> EXERCISE REQUIREMENTS
Reproduce the entries below exactly, but only from the line containing "25 Children's Book" to the line containing "View Haslam Slim", inclusive.
-- EXTRACTED DATA follows --
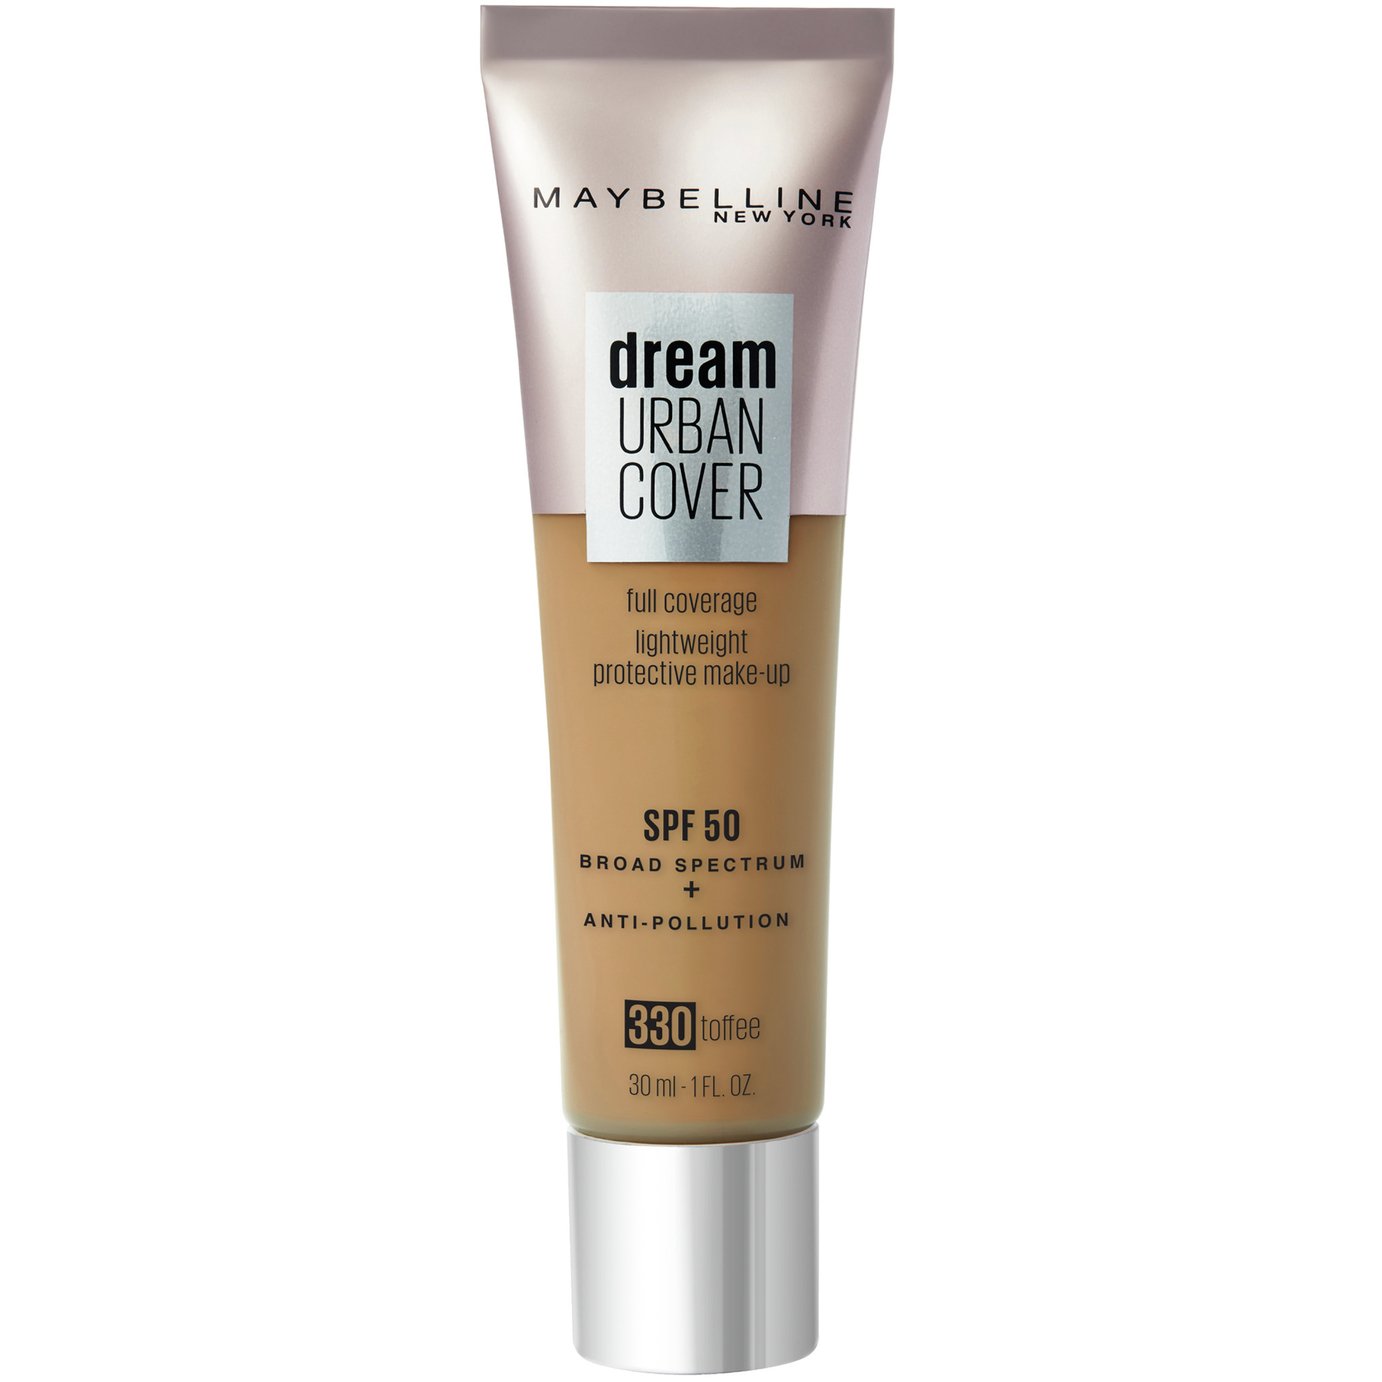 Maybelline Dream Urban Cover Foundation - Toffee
-- EXTRACTED DATA concluded --
-- EXTRACTED DATA follows --
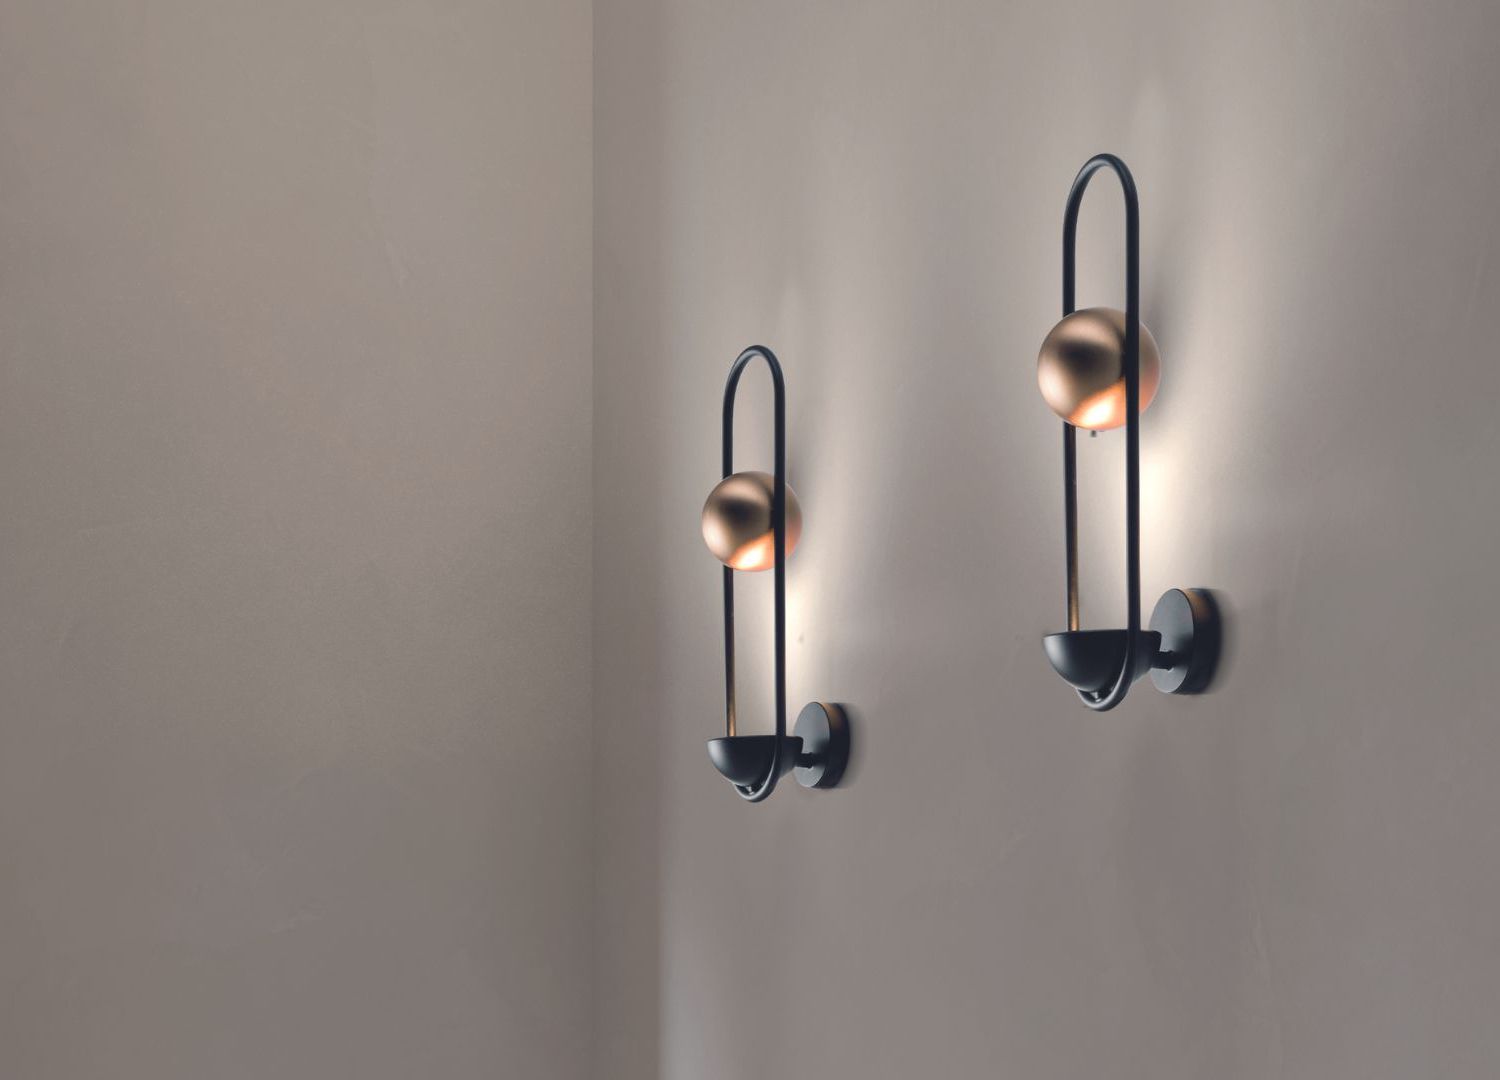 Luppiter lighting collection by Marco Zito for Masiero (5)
-- EXTRACTED DATA concluded --
-- EXTRACTED DATA follows --
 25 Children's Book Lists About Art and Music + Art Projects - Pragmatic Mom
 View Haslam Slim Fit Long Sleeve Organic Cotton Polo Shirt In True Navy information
-- EXTRACTED DATA concluded --
> FINAL ANSWER
 25 Children's Book Lists About Art and Music + Art Projects - Pragmatic Mom
 View Haslam Slim Fit Long Sleeve Organic Cotton Polo Shirt In True Navy information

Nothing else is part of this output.